Jones (1989) estimates the relationship between the number of hours used on different search methods and individual characteristics. Being male increases the number of hours spent searching through all methods except newspapers. Older individuals were less likely to spend time searching through government employment agencies, and individuals with technical qualifications spent more time directly approaching employers. A more puzzling result is that individuals from high unemployment areas spent less time searching through government employment agencies or newspapers. Holzer (1988) examines the factors which affect the probability that an individual will uses different search methods, although the results are only marginally significant at best.
2.3 A New Model of Job-search Method Choice
In Appendix A, we develop an economic model to formalise the way in which characteristics of the local environment can affect the job-search behaviour of unemployed individuals. This is done by extending the job-search model developed by Pissarides (1990) to allow individuals to have access to two different search methods with characteristics reflecting the differences between the indirect and direct search methods discussed above.
The first job-search method, labelled the general search method, captures search methods such as newspapers and employment agencies which provide general job information. The probability that the general job-search method will create a match between an unemployed worker and an unfilled vacancy is assumed to be a function of aggregate labour market conditions and the search effort of the individual.
The second job-search method, labelled the local search method, is designed to capture job-search methods, such as information from friends and relatives or direct employer contact. The effectiveness of these methods is assumed to be influenced by conditions in the local labour market, but not by the amount of effort applied by the job seeker. This implicitly assumes that the job-information network provided by friends and relatives is confined to the local area, and that the employed neighbourhood residents receive job information at a fixed rate, which the unemployed teenager cannot influence.
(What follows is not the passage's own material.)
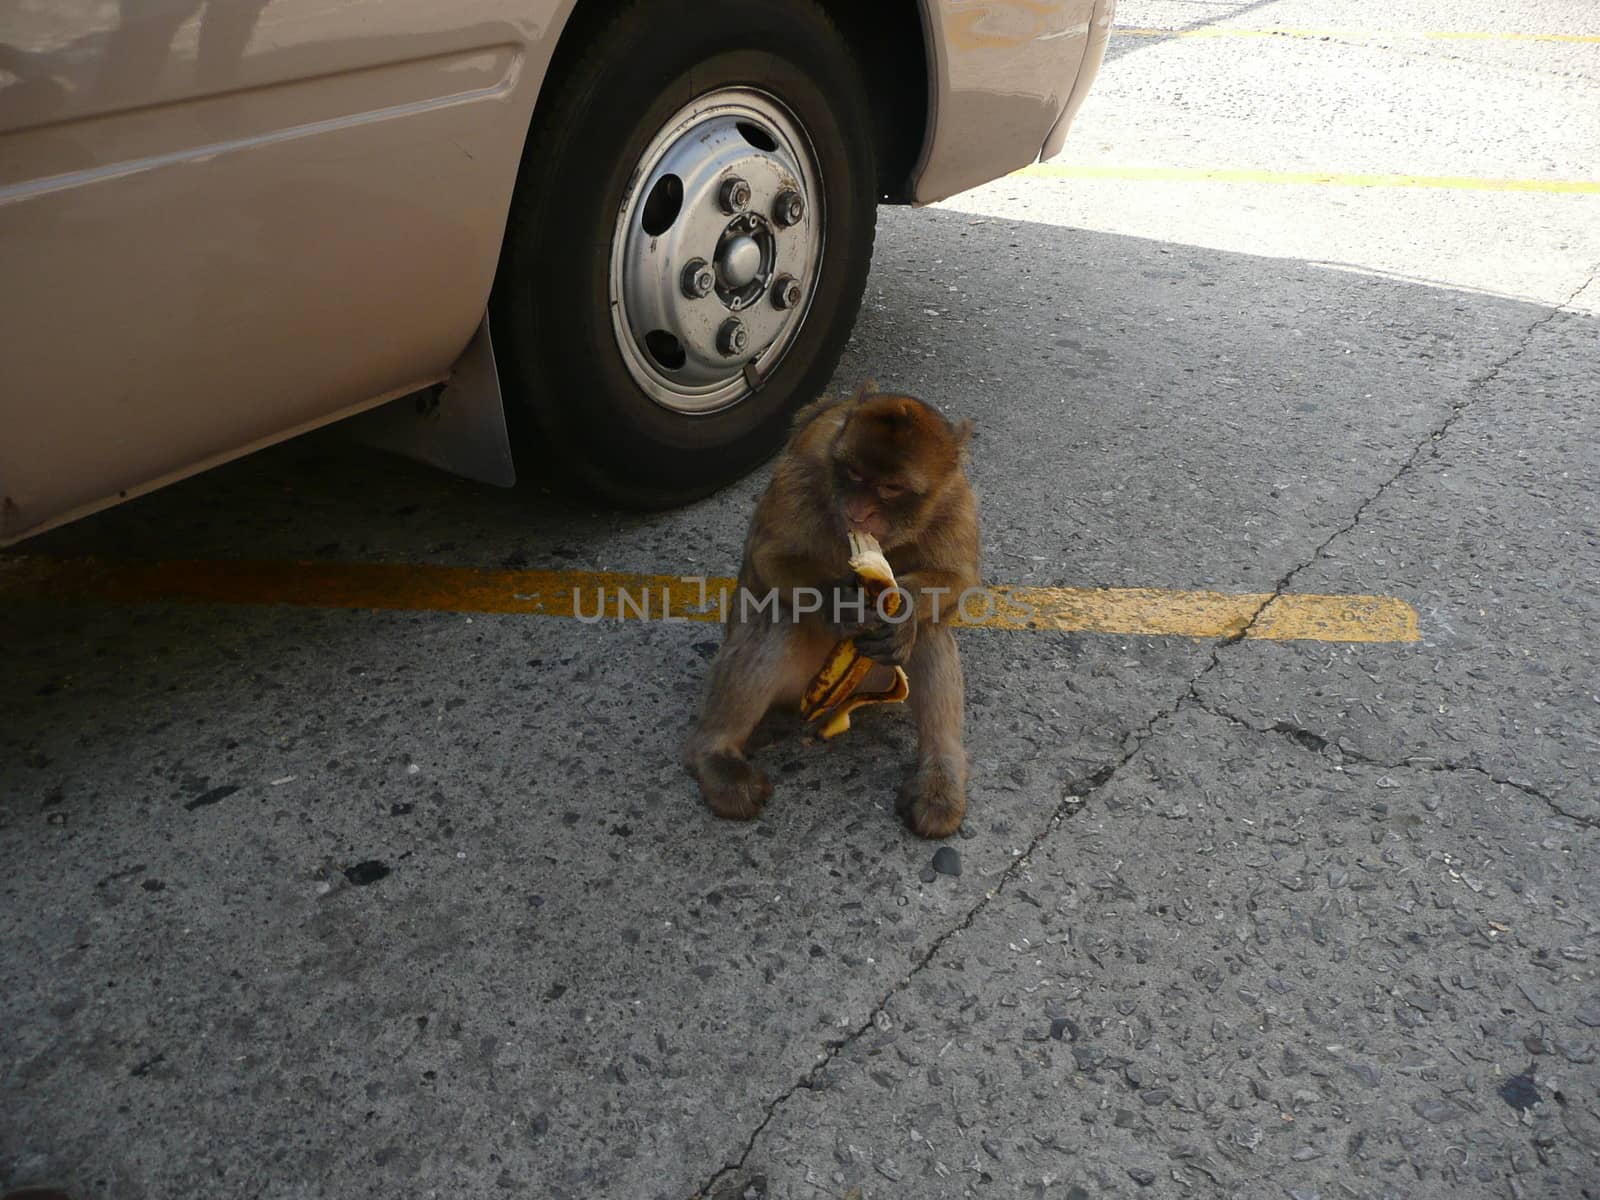 monkey eating banana in the street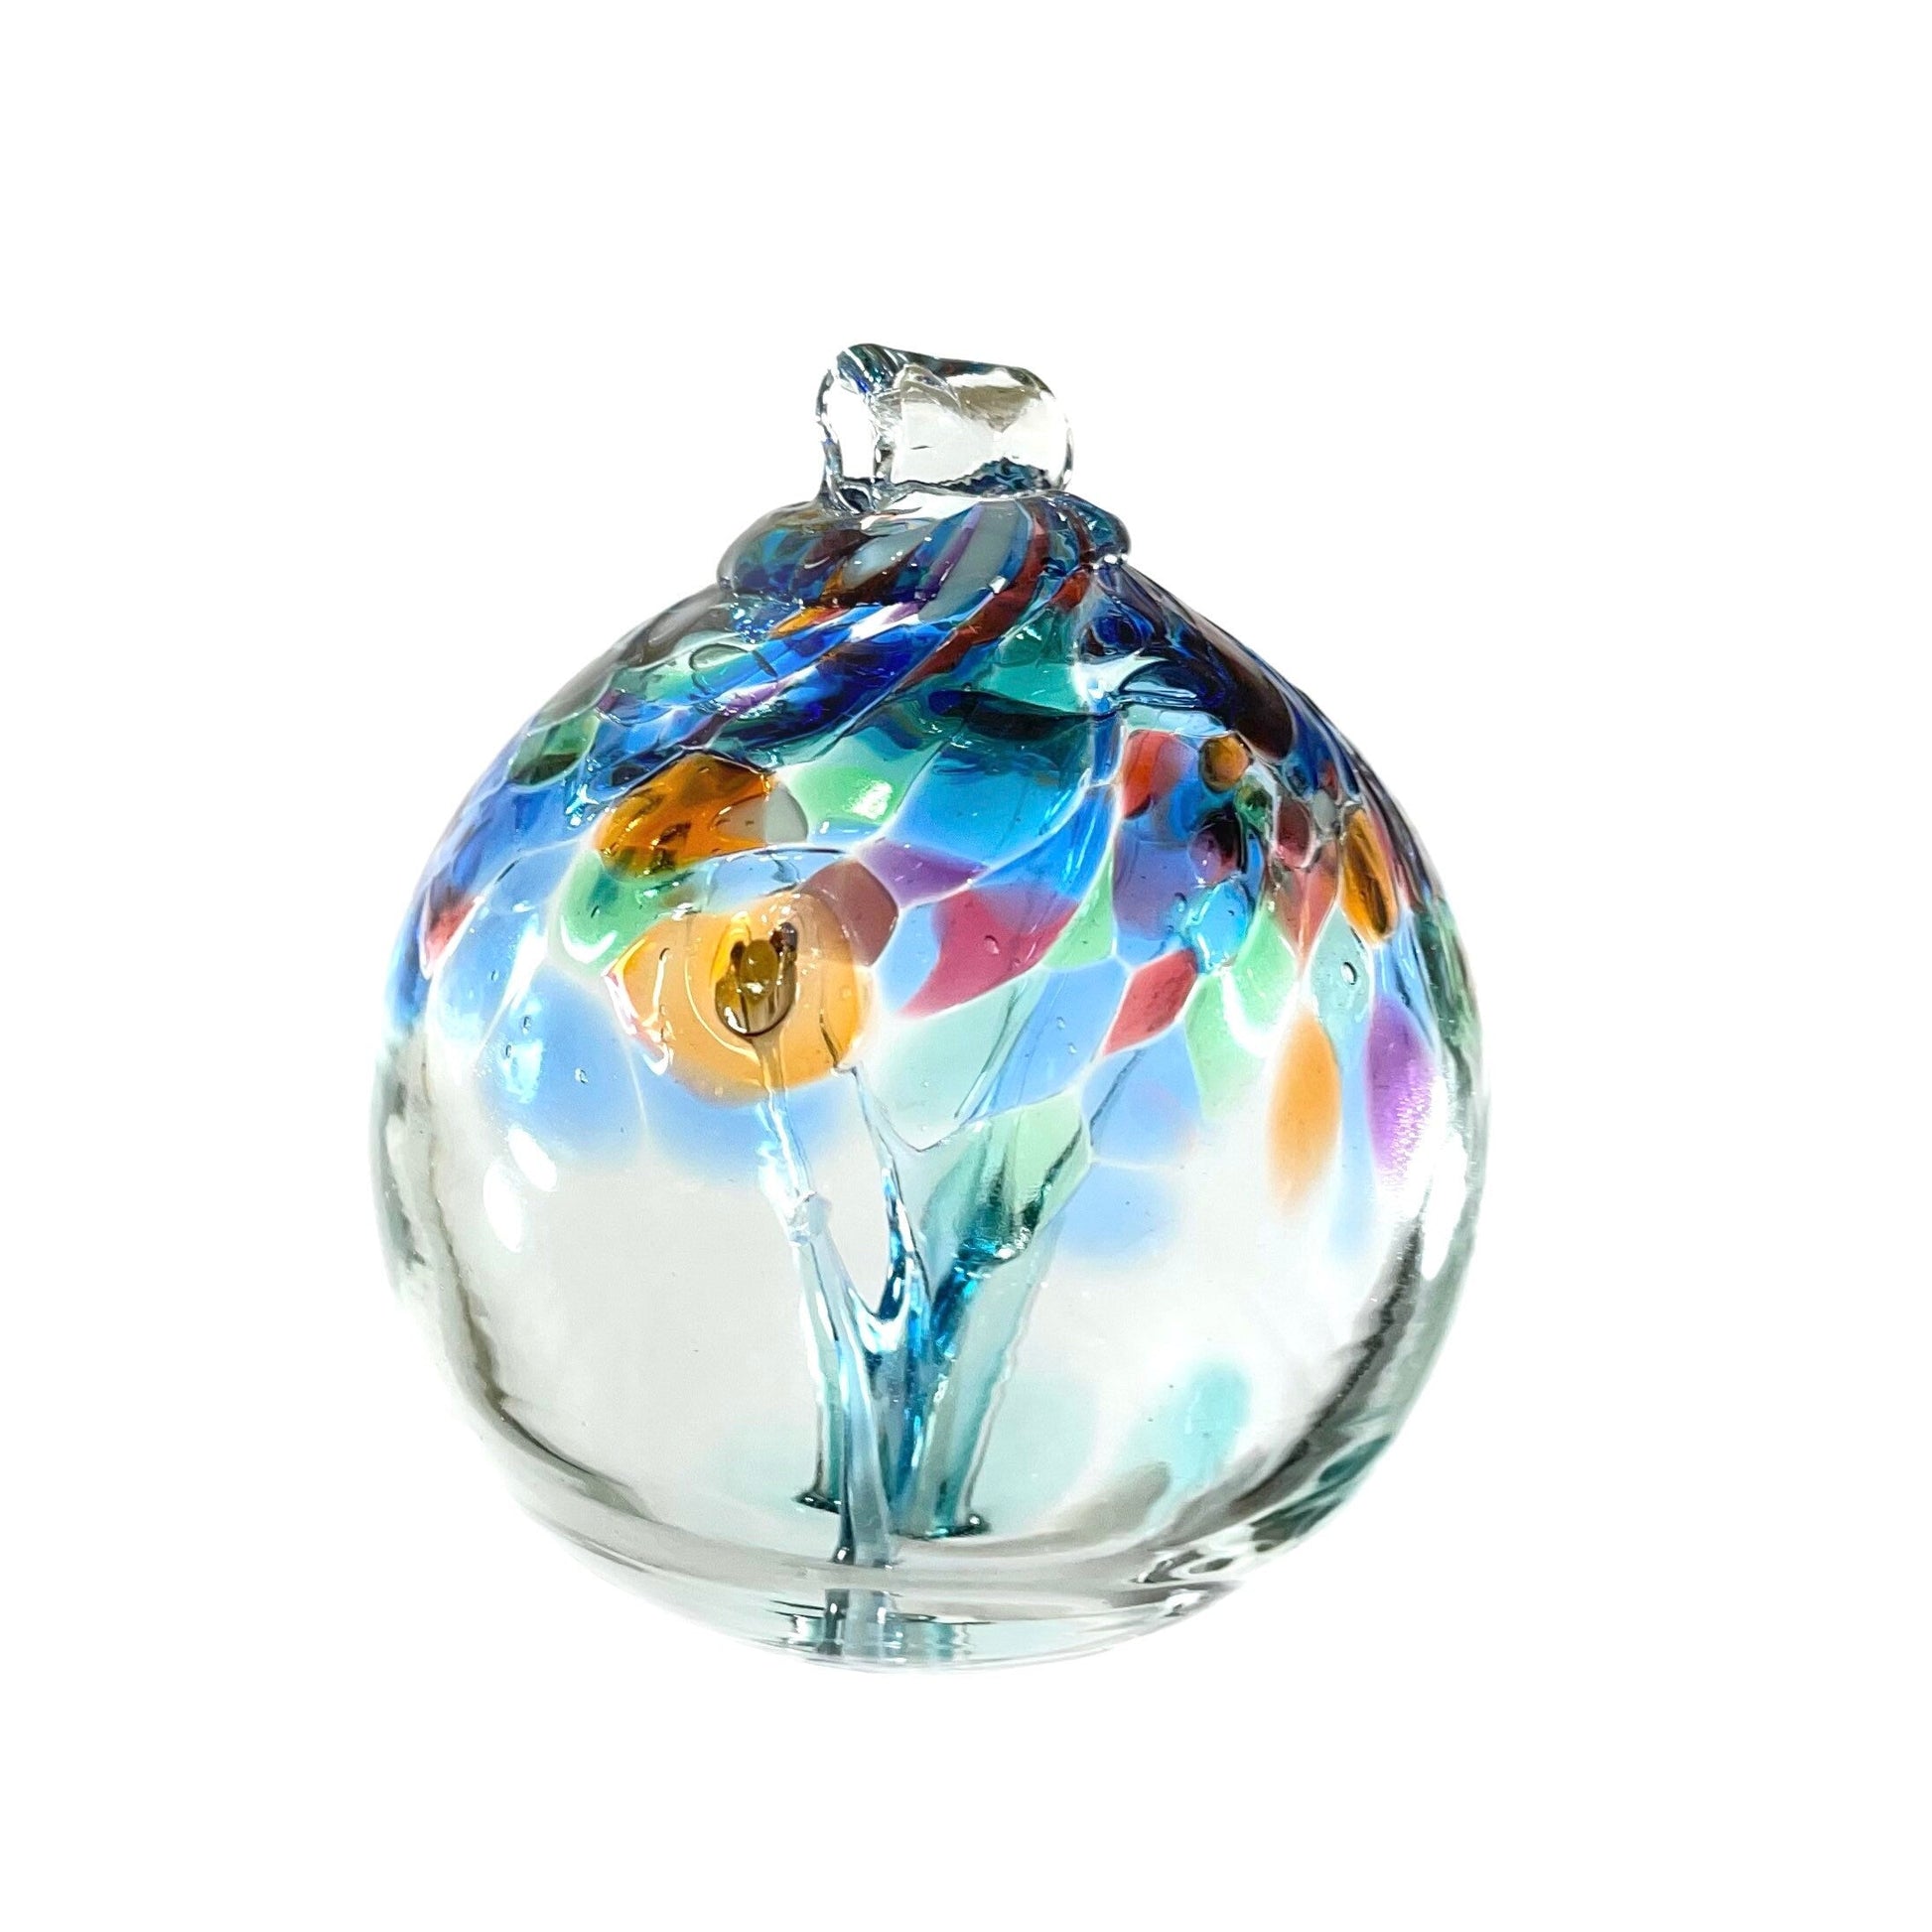 Handmade Glass Art 2” Globe Ornament - Tree of Caring

Unemployed individuals decide how much effort to devote to the general search method, taking into account the direct costs and the expected benefits involved. This choice will be affected by factors such as the local unemployment rate, which affects the probability of finding a job through the local search method, and the aggregate unemployment rate, which affects the probability of finding work through the general search method. It is shown in Appendix A that the level of search effort chosen, and hence, the probability of reporting that the main method of search is a general search method, increases as the local unemployment rate rises and falls as the flow of benefits to being unemployed or the efficiency of the local search method increases.
This formalises the arguments put forward by McGregor (1983) that higher local unemployment rates should increase the amount of search effort put into newspapers and employment agencies, and that job seekers in low unemployment neighbourhoods are more likely to be using friends and relatives for information. Although this is a plausible theoretical argument, the importance of job-information networks and local labour market conditions is essentially an empirical question which is addressed further in Section 4.
Footnotes
Successful and Unsuccessful Job Search Experience, ABS Cat. No. 6245.0. It should also be noted that the CES was replaced by Centrelink and a competitive employment services market, the Job Network, during the period covered by the survey. All services which replace the CES have been classified as the CES here for the purposes of comparison with the older survey data. [2]
Thus, teenagers looking for work, who are enrolled in full-time education are not included in this sample. [3]
Around one-third of the employed respondents moved directly into their current job from an earlier job. The differences observed in Table 1 could perhaps be explained if the job-search behaviour of on-the-job searchers was significantly different from that of individuals who are not already employed. An examination of the data suggests that this is not so. [4]
The sample of 16 to 23 year old males is taken from the 1981 Youth Cohort of the National Longitudinal Survey. [5]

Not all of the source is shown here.